A ideia é ter um menu de obras públicas e as pessoas, empreendimentos, quem for, possam abater tributos municipais em troca de fazer a execução ou entrega daquela obra, desde que realizados de acordo com o projeto e orçamento estipulados pela prefeitura, para que não haja nenhuma tentativa de fazer evasão fiscal. A empresa que deve IPTU, deve ISS, poderia trocar esse tributo pago pela execução dessa obra.
O Novo tem quadro político pequeno e costuma generalizar críticas ao sistema político, nivelando por baixo os demais partidos. Se for eleito, como construir alianças para governar?
O Novo não tem quadros para administrar a prefeitura sozinho. Precisaremos compor para governar, mas queremos não apenas o político amigo, o indicado. A gente quer saber quem são as pessoas que têm qualificação para ocupar as funções. Também queremos ir ao mercado, buscar profissionais que não necessariamente precisem ter a experiência da gestão pública ou filiação partidária para dar essa contribuição.
O Novo não fazia coligação, não usava verbas públicas nem tinha dirigentes remunerados. Hoje faz tudo isso. Não é contraditório o senhor se apresentar como diferente dos demais candidatos?
Algumas coisas mudaram no partido. Quando o Novo foi criado, era possível fazer política com chapa própria e sem depender de fundo partidário. Não existia fundão eleitoral nem cláusula de barreira para ver quem vai ter tempo de TV. Perdemos capacidade de competir com esse sistema. O Novo viu que aquela realidade da sua criação, transferida ao momento atual, significaria o fim do partido. Adaptamos nosso estatuto para manter a competitividade. A alternativa seria fechar o partido e fundar uma ONG.
O Novo nasceu com um ideário claro, mas com as dificuldades começou a se aliar ao bolsonarismo. É uma metamorfose com motivações eleitorais?
Não. O Novo foi fundado por pessoas de fora da política, revoltadas por pagar muito imposto e ter pouco serviço, com o crime do colarinho branco, os privilégios de uma casta que cobra muito de uma população que fica refém desse jogo viciado. O Camozzato não mudou, talvez Bolsonaro tenha mudado. Aliás, ele criticava privatizações, votou contra o Plano Real, já teceu elogios a Lula e Hugo Chavez. Quem sabe tenha amadurecido. O Novo não tem vergonha de expor as suas ideologias.
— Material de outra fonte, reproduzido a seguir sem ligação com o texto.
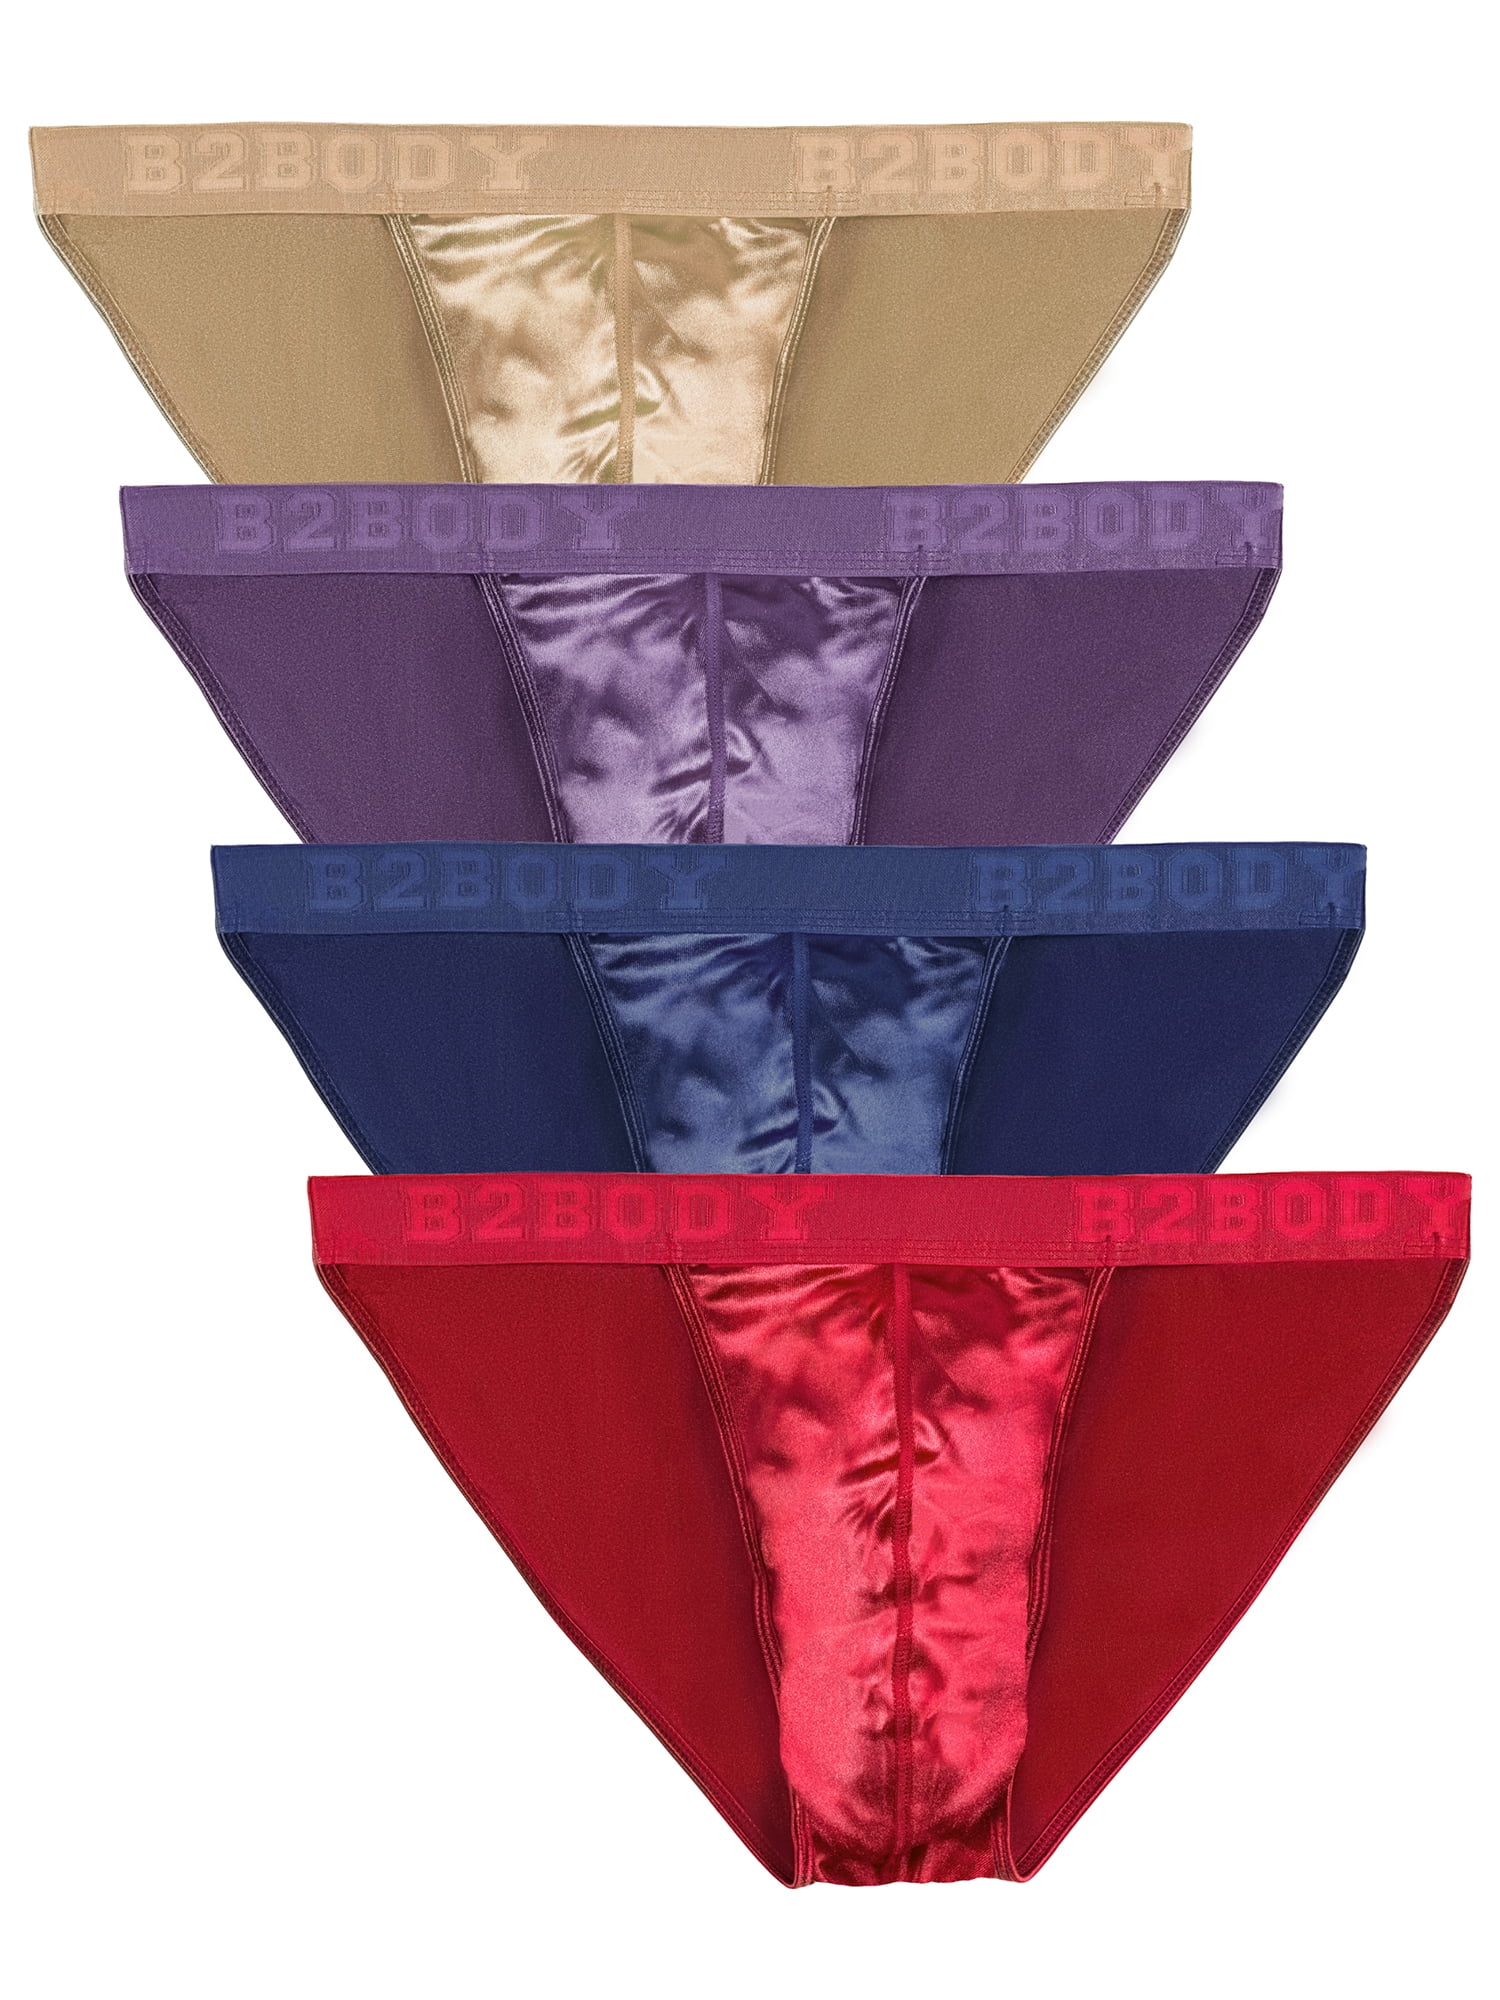 YONGHS Men's Silky Satin Boxers Shorts Underwear Sports Panties Swimwear  M-3XL A Heart Black XL

Muito da sua propaganda é antipetista. Não teme ficar marcado como um candidato do contra e que pouco fala sobre as próprias propostas?
Não, porque eu tenho apresentado bastante propostas. No debate da Rádio Gaúcha, eu falei de propostas, mas a parte que viralizou foi minha pergunta sobre a Venezuela a Maria do Rosário. O ser humano gosta de ver briga, da polêmica, por isso esses momentos repercutem muito mais. É a primeira vez que sou candidato e preciso deixar muito claro em que lado estou. O Novo é de direita e tem oposição frontal ao petismo, o que não faz com que eu tenha elogios a Melo e a Brizola.